The DOC decision comes despite substantial evidence of the spread of COVID-19 in the state's prison system.

After distributing 10,000 masks to frontline healthcare workers and vulnerable populations throughout Delaware, CPBD secured an additional 4,600 face masks, which the group immediately offered to the DOC in the wake of the first inmate death from the virus at the James T. Vaughn Correctional Center earlier this week.

After initially accepting CPBD's offer, the DOC reversed its decision and rejected the masks just four hours later after agency officials informed the office of DOC Commissioner Claire DeMatteis, a political appointee of Governor John Carney, who has been criticized by CPBD for his handling of the COVID-19 crisis.

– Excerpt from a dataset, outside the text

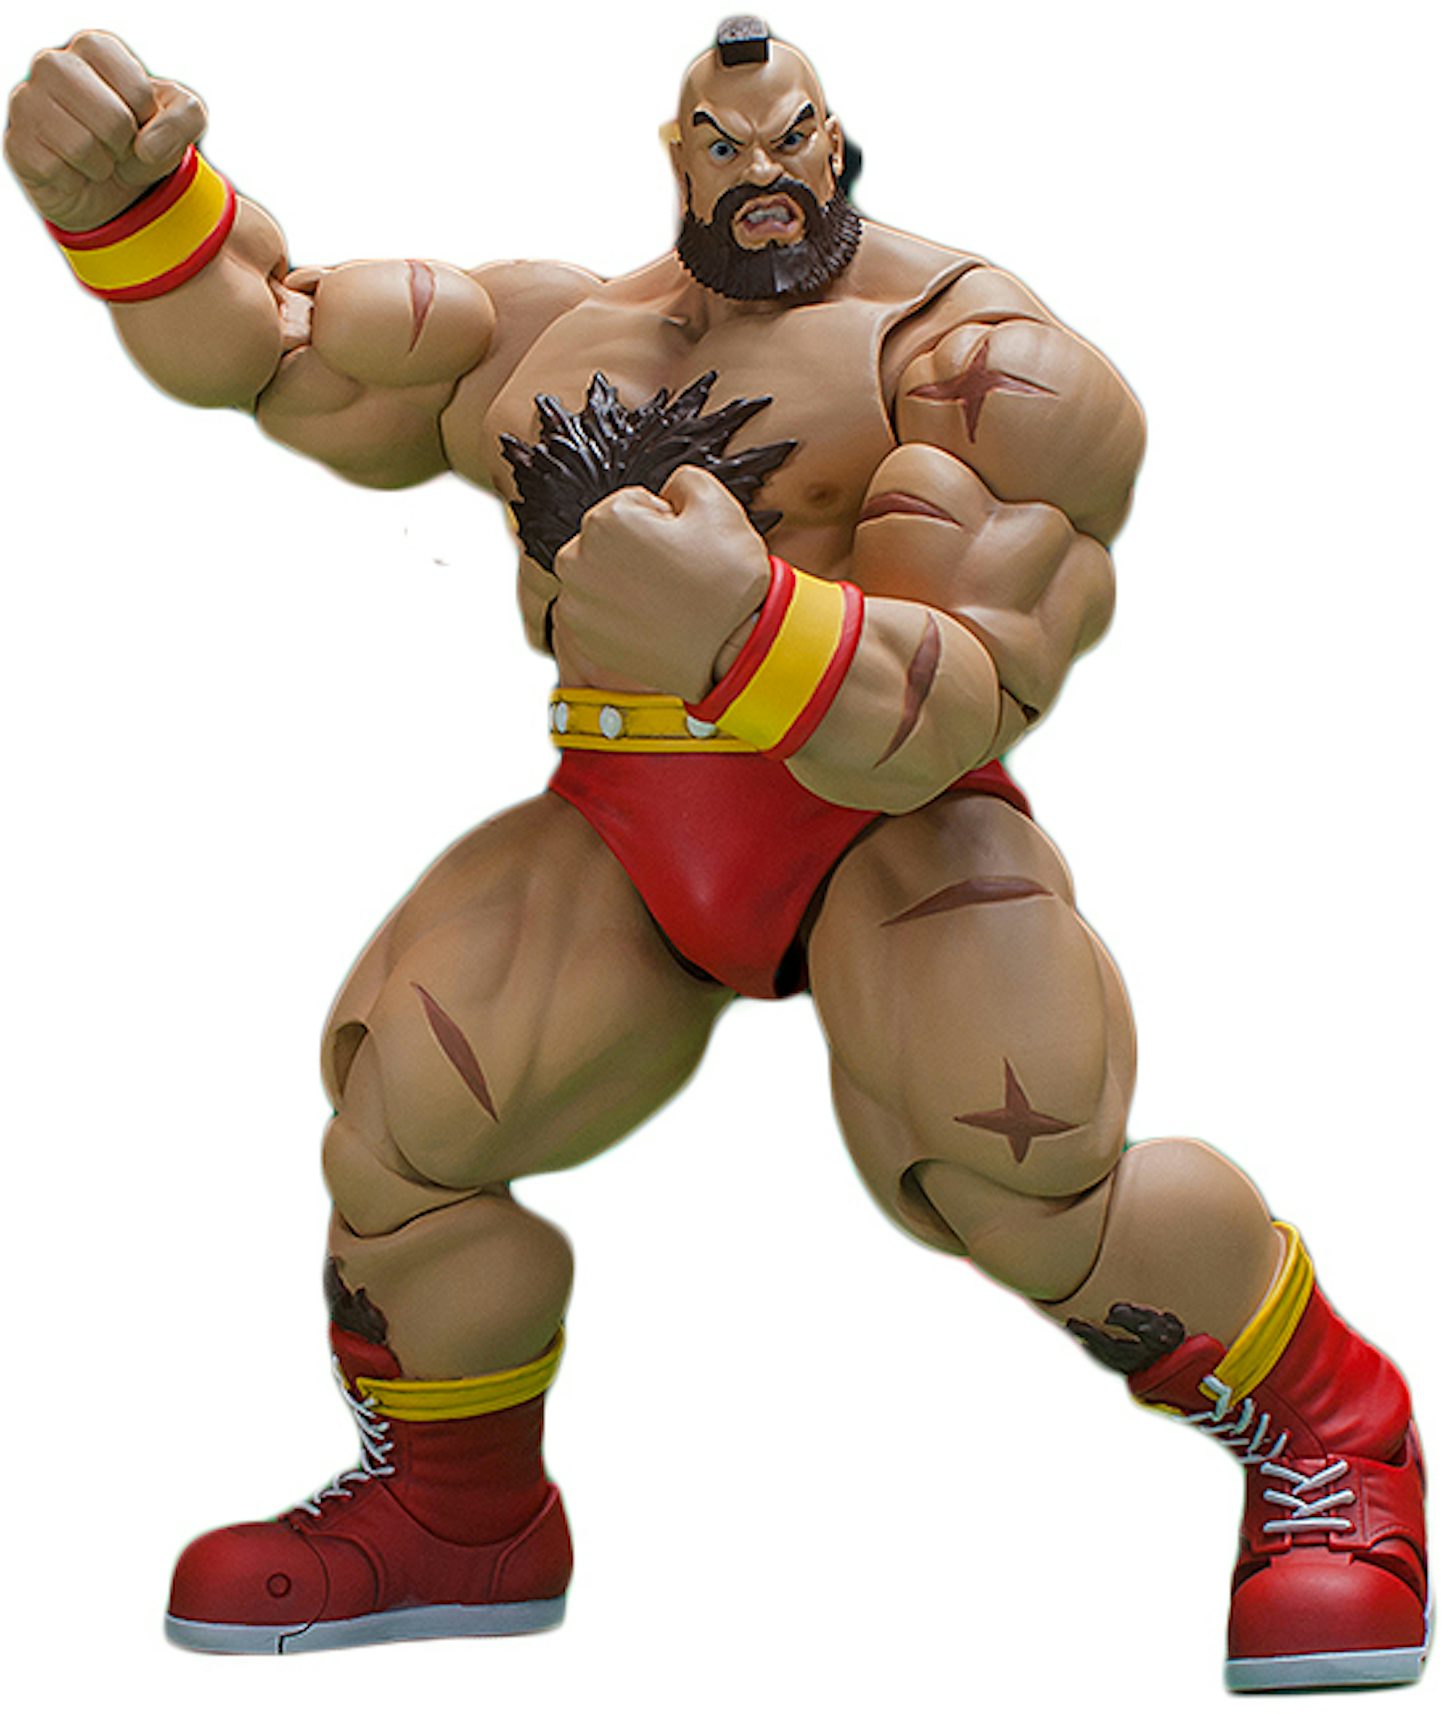 Storm Collectibles Ultimate Street Fighter II The Final Challenger Zangief  Action Figure Tan - US
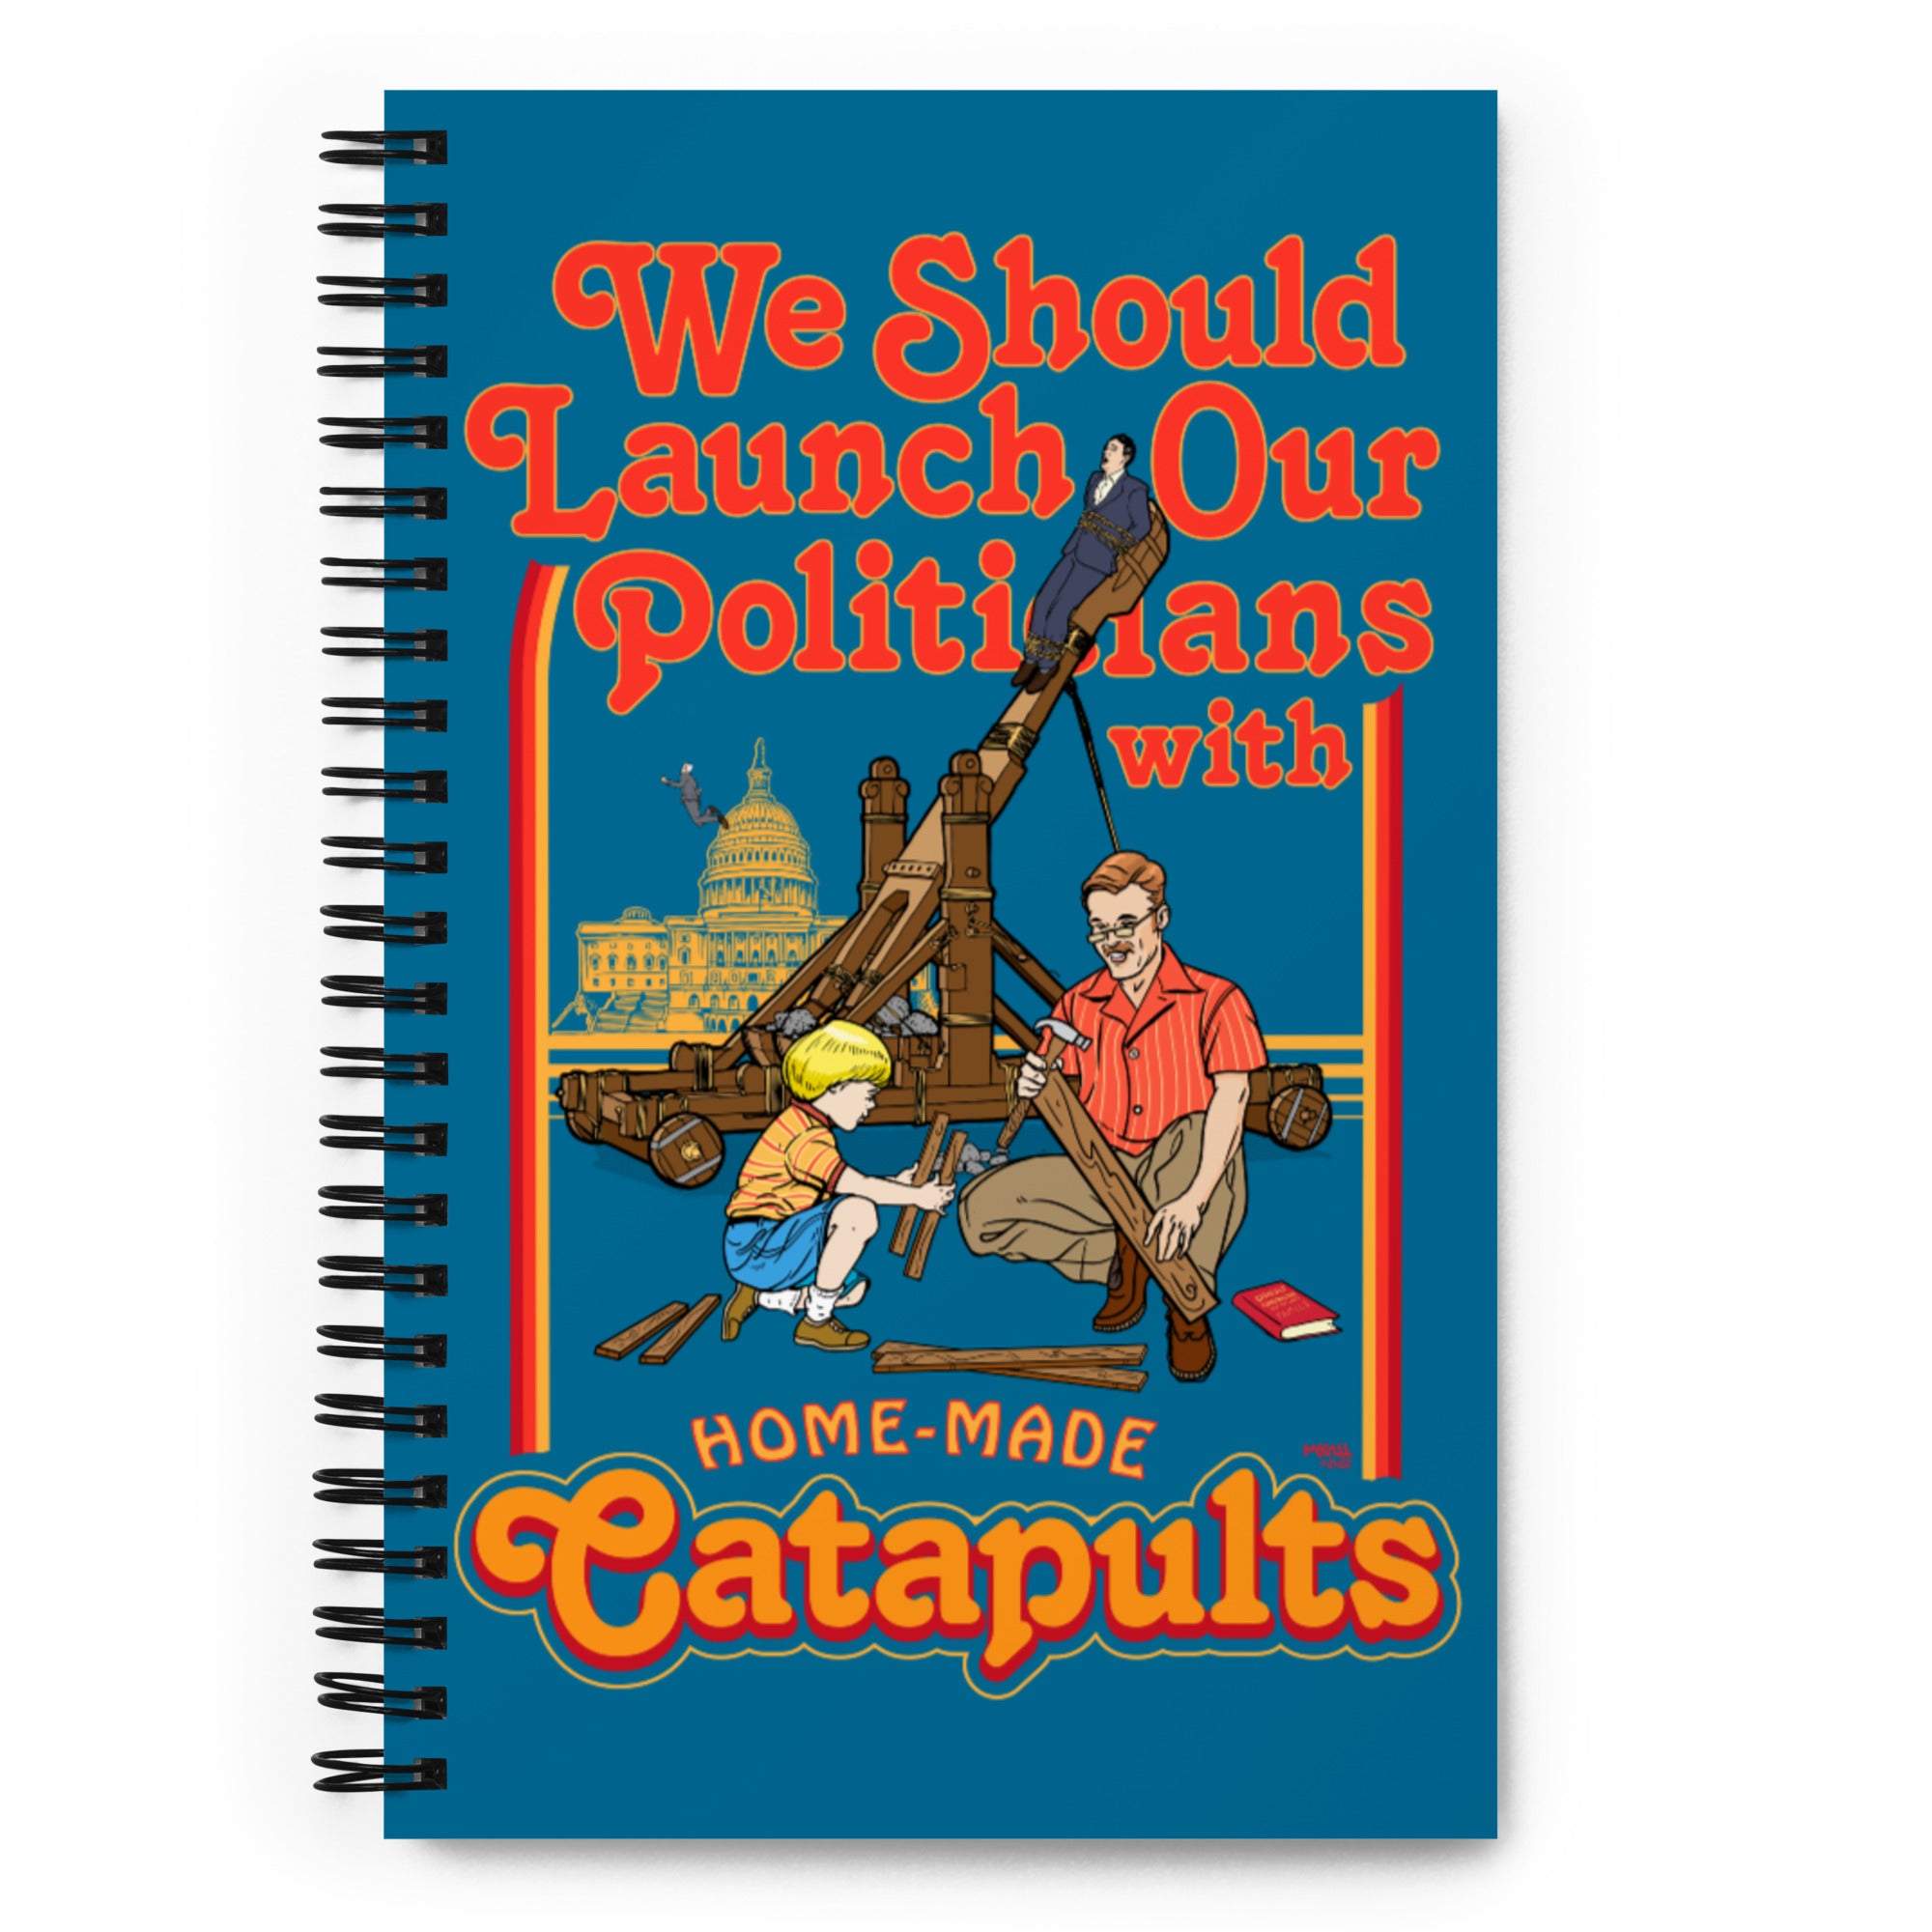 We Should Lauch Our Politicians from Homemade Catapults Spiral notebook

The DOC's rejection of the PPE comes as the agency has still failed to provide face masks to all 4,200 inmates in its facilities despite updated Centers for Disease Control guidelines that recommend wearing face coverings to slow the spread of the virus. With prisons across the country emerging as vectors for transmission of the deadly coronavirus, civil rights organizations including the ACLU and the NAACP have urged state officials to take steps like providing masks to mitigate the risk of coronavirus in correctional facilities. Delaware's prisons are disproportionately filled with people of color, and racial breakdowns of the state's coronavirus cases show that Black and Hispanic Delawareans are being infected with the coronavirus at a drastically higher rate than white residents.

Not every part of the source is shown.